Segundo Samuel Huntington, a seguir à Guerra Fria sucedeu um “choque de civilizações”. Refletindo sobre a catástrofe de 11 de setembro, muitos observadores consideram que o mundo se dividiu em dois: de um lado, o campo da liberdade e da democracia, do outro, o campo do despotismo e do extremismo religioso. Este modo de interpretar a realidade, apesar de maniqueísta, não deixa de suscitar algumas questões pertinentes, num tempo em que o confronto entre as democracias do mundo ocidental e os grupos extremistas religiosos – como é o caso do autodenominado Estado Islâmico – se agudiza.
Uma dessas questões prende-se com a forma pela qual os laços sociais das comunidades se criam. A religião, sobretudo nas sociedades tradicionais, tem por função dar coesão às comunidades, proporcionando-lhes segurança contra os choques externos, garantindo os mecanismos de reprodução social. Porém, para além da religião, há a considerar a política – enquanto governo de uma comunidade, de uma polis – como a outra forma de criar e manter os laços de coesão social.
Colocada a questão nestes termos, não será exagerado apontar o mundo árabe como o mundo em que a religião joga um papel preponderante na sociedade, mantendo a supremacia sobre a política. A lei, por exemplo, não pode contrariar o islão, estando-lhe subordinada. Neste sentido, a religião (re ligare = tornar a ligar) desempenha claramente a sua função de ligação e coesão social. A civilização islâmica tem origem numa crença religiosa comum, inspirada num texto sagrado, e define-se a si mesma em termos de submissão (islam = submissão), não em termos de liberdade. O muçulmano é aquele que se entregou, se submeteu e assim obteve segurança.

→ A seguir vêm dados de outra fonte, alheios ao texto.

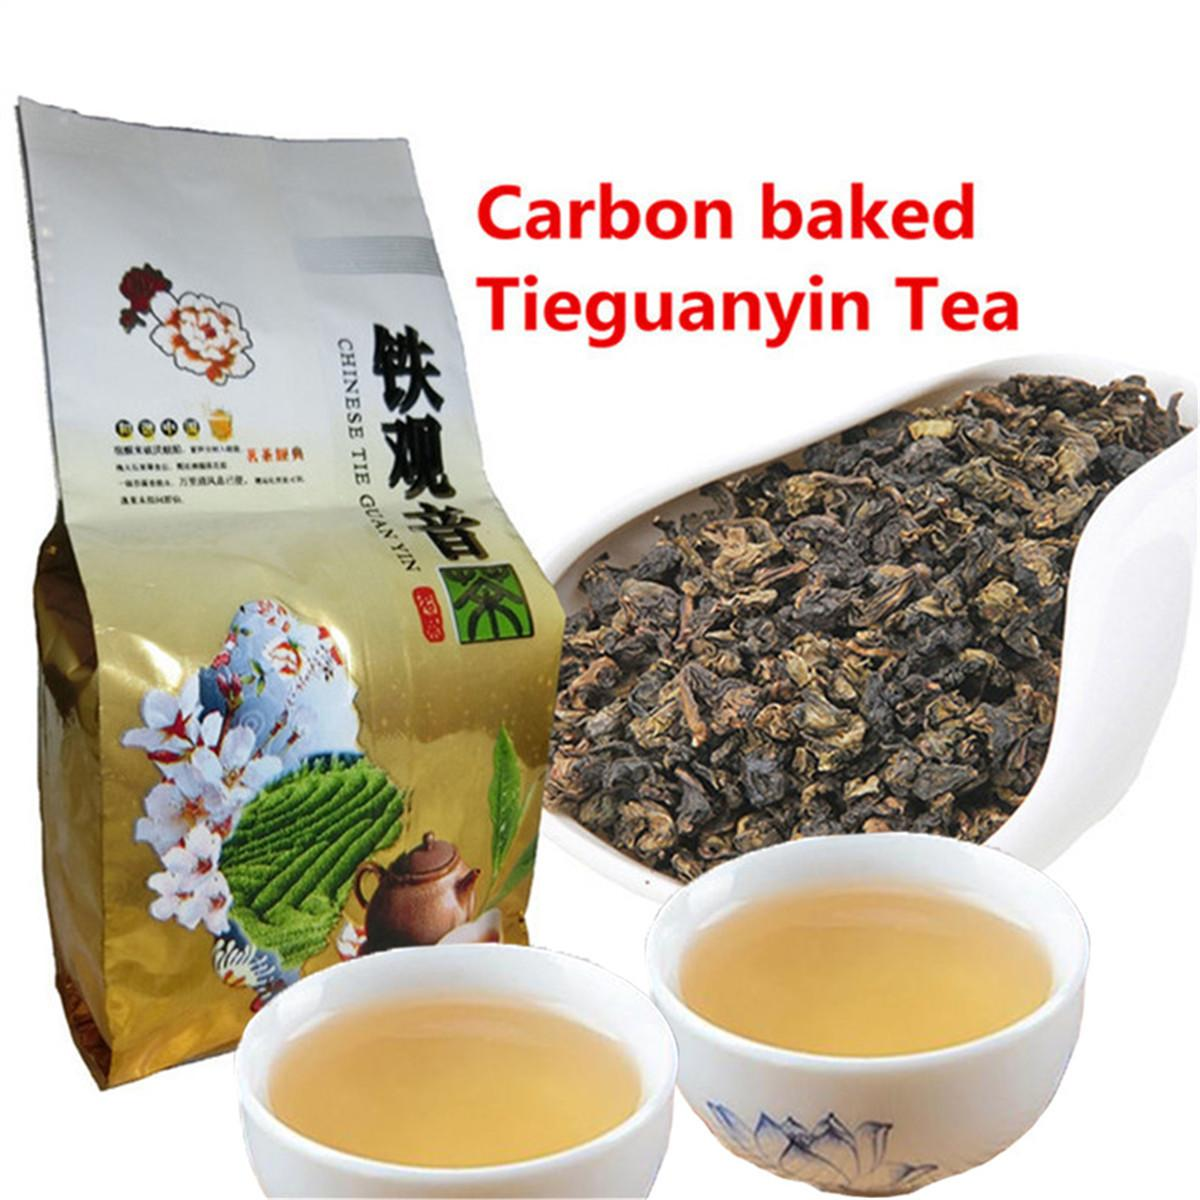 50g Çin Organik Oolong çayı Doğal Karbon Specaily Tieguanyin Oolong Yeşil çay Yeni Bahar çay Yeşil Gıda Sıcak satış

Apesar de a civilização ocidental também ter tido a sua origem numa fé comum e num texto sagrado, pôs de parte a sua crença e o seu texto sagrado para depositar a sua confiança, não nas certezas e dogmas da fé, mas no debate aberto, na experimentação científica e na omnipresença da dúvida. Há, com efeito, uma clara separação entre o plano do religioso e do político, na maioria, se não na totalidade, dos países do mundo ocidental. A Grécia antiga constitui o berço da civilização ocidental, uma civilização que soube ver na palavra e no (bom) uso da retórica, aliada à democracia, a nova arma de conquista do poder. Enquanto a religião exige uma obediência cega, o processo político oferece participação, debate e uma legislação baseada no consentimento. O consentimento manifesta-se de duas formas: por um “contrato social”, no qual cada indivíduo acorda com todos os outros os princípios da governação, e por um processo político através do qual todos os indivíduos participam na feitura e no exercício da lei. Nisto se exprime a cidadania.